Ébion de Lima
Quando vem uma
criança ao mundo, vem dizer-nos, segundo o poeta Kipling, que Deus ainda não se
enfarou dos homens.
E quando nasce um
santo, ele vem dizer mais. Ele vem dizer que Deus, apesar de tudo está
presenteando a humanidade.
No dia 11 de outubro
de 1890, o presente de Deus aos homens chamou-se Rodolfo Komórek.
Nasceu na cidade de Bielsko,
segundo a denominação polonesa, ou Bielitz, em língua alemã. Esta cidade,
de uns 30.000 habitantes, está na Silésia, um dos pedaços de terra da Europa
Central mais maltratados pelos... tratados.
Retalhada e
distribuída ora à Polônia, ora à Prússia, ora à Checoslováquia, era da Áustria
quando nasceu Rodolfo.
Em 1919 uma parte retomou à
Polônia. Em 1945 o restante. Agora, infelizmente, é uma das tantas fatias
mal digeridas no bojo do imperialismo soviético.
O pai de Rodolfo
chamava-se João.
Um ferreiro de físico
arrojado. Semblante severo e franco, rabiscado por um exuberante bigode
retorcido que lhe acentuava a personalidade respeitável de pai de família à
moda antiga.
Afeito ao trabalho,
assíduo e pesado. Tirava biblicamente do suor de seu rosto à beira da forja, o
pão para os filhos. E eram sete!
Uma das suas ambições
consistia em querer decididamente resgatar a sua descendência daquela condição
humilde de vida esfalfante; subtrair os filhos à obscuridade mediante educação
esmerada e instrução superior, "para que, dizia, não tenham que mourejar
assim tão duramente como eu".
E seus esforços,
parece que não iludiram as suas esperanças, aliás justas.
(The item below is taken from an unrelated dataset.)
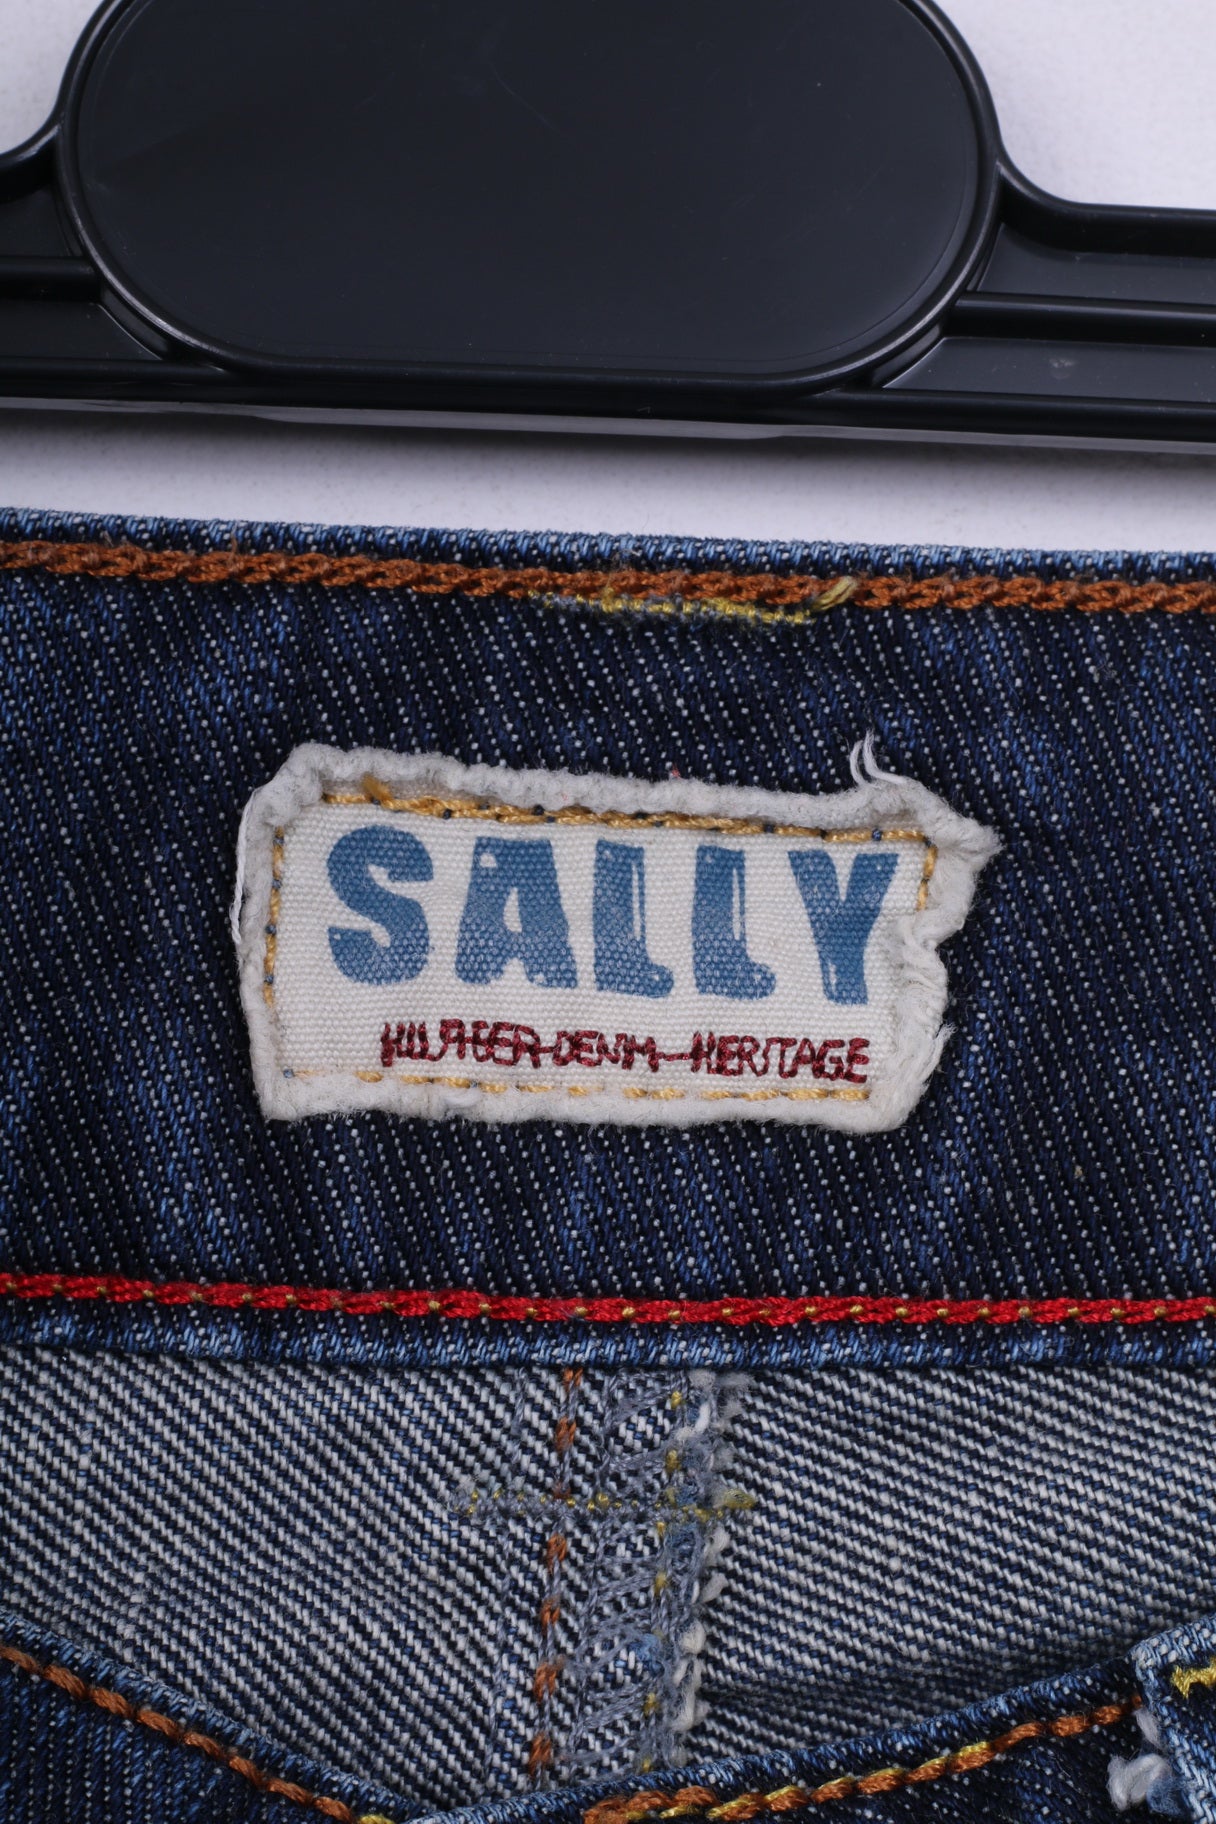 Hilfiger Denim Womens W29 L32 Jeans Sally Trousers Denim Old School Blue Cotton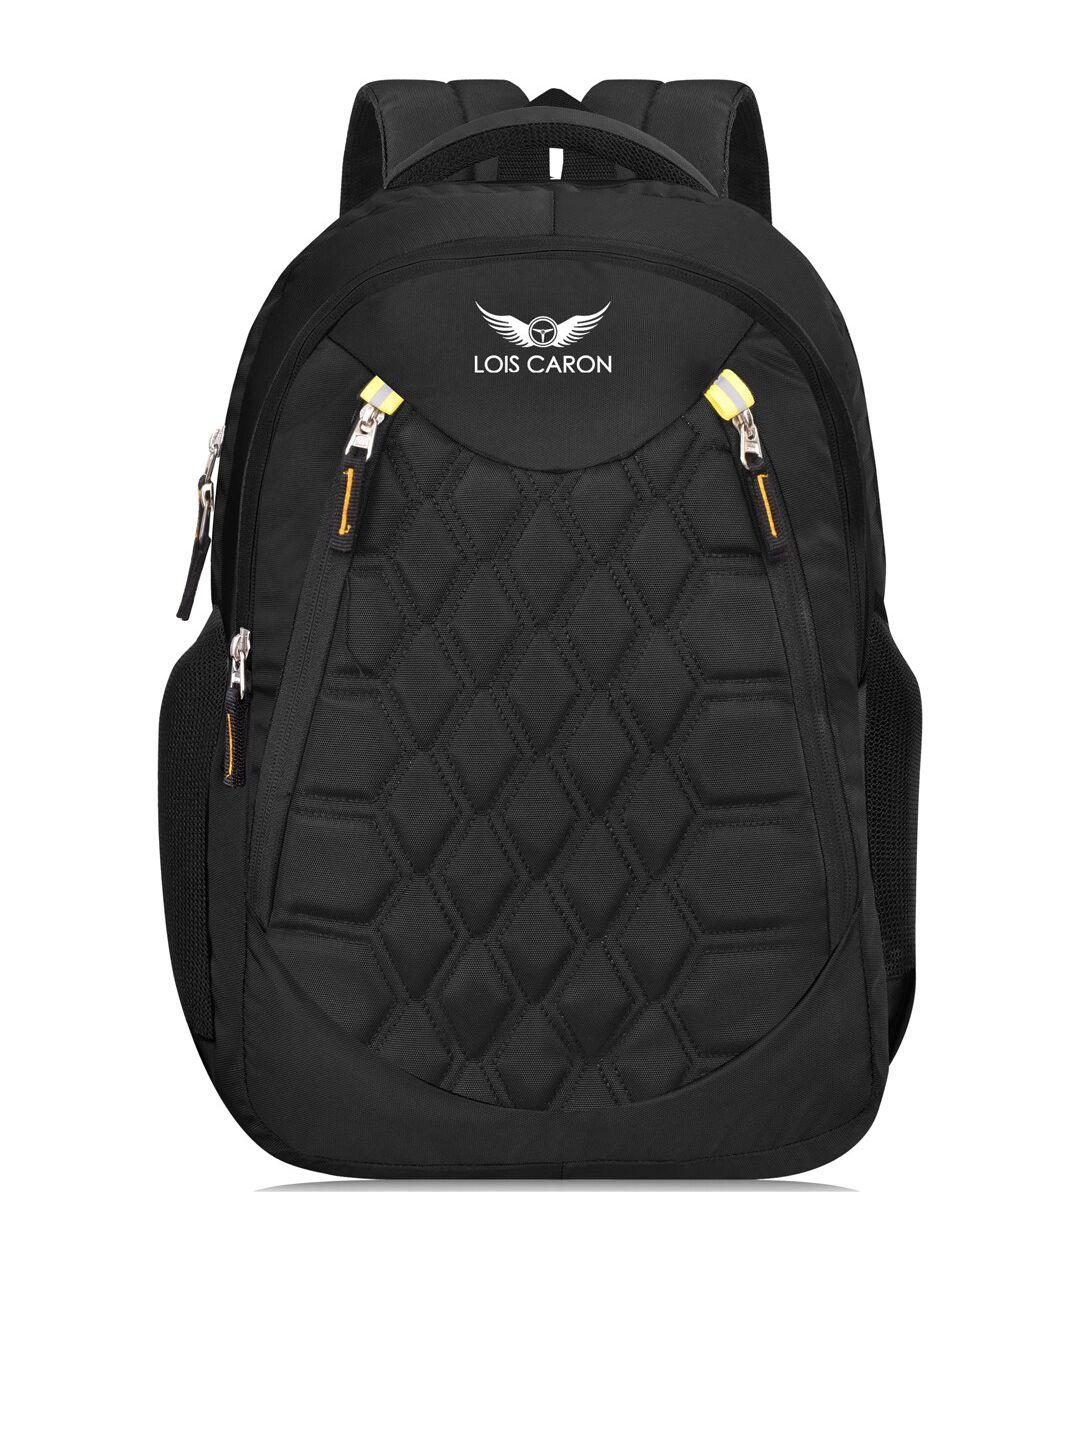 lois caron unisex black textured backpack

Sem contar Maria que foi apenas
uma boa dona de casa, dos outros cinco filhos que chegaram à idade adulta,
Wanda se fez professora, Roberto tornou-se engenheiro, assim como João que
depois se tornou artista cantor. Leopoldo, o mais jovem, seguiu o curso de
indústria e comércio. Enfim, Rodolfo que era o terceiro filho,
subindo os degraus do altar, abraçou a carreira que está mais perto
de Deus.
II
Quando Rodolfo tinha 6 anos, já
passava pelas ruas de Bielsko com livro debaixo do braço e sacolinha
de "lanche" a tiracolo. Era tão novo e a matemática já lhe
insidiava a alegria de viver. O curso primário constava de 5 anos.
Na cidade predominava o elemento
alemão: 80 por cento! E era nessa língua que as aulas se ministravam.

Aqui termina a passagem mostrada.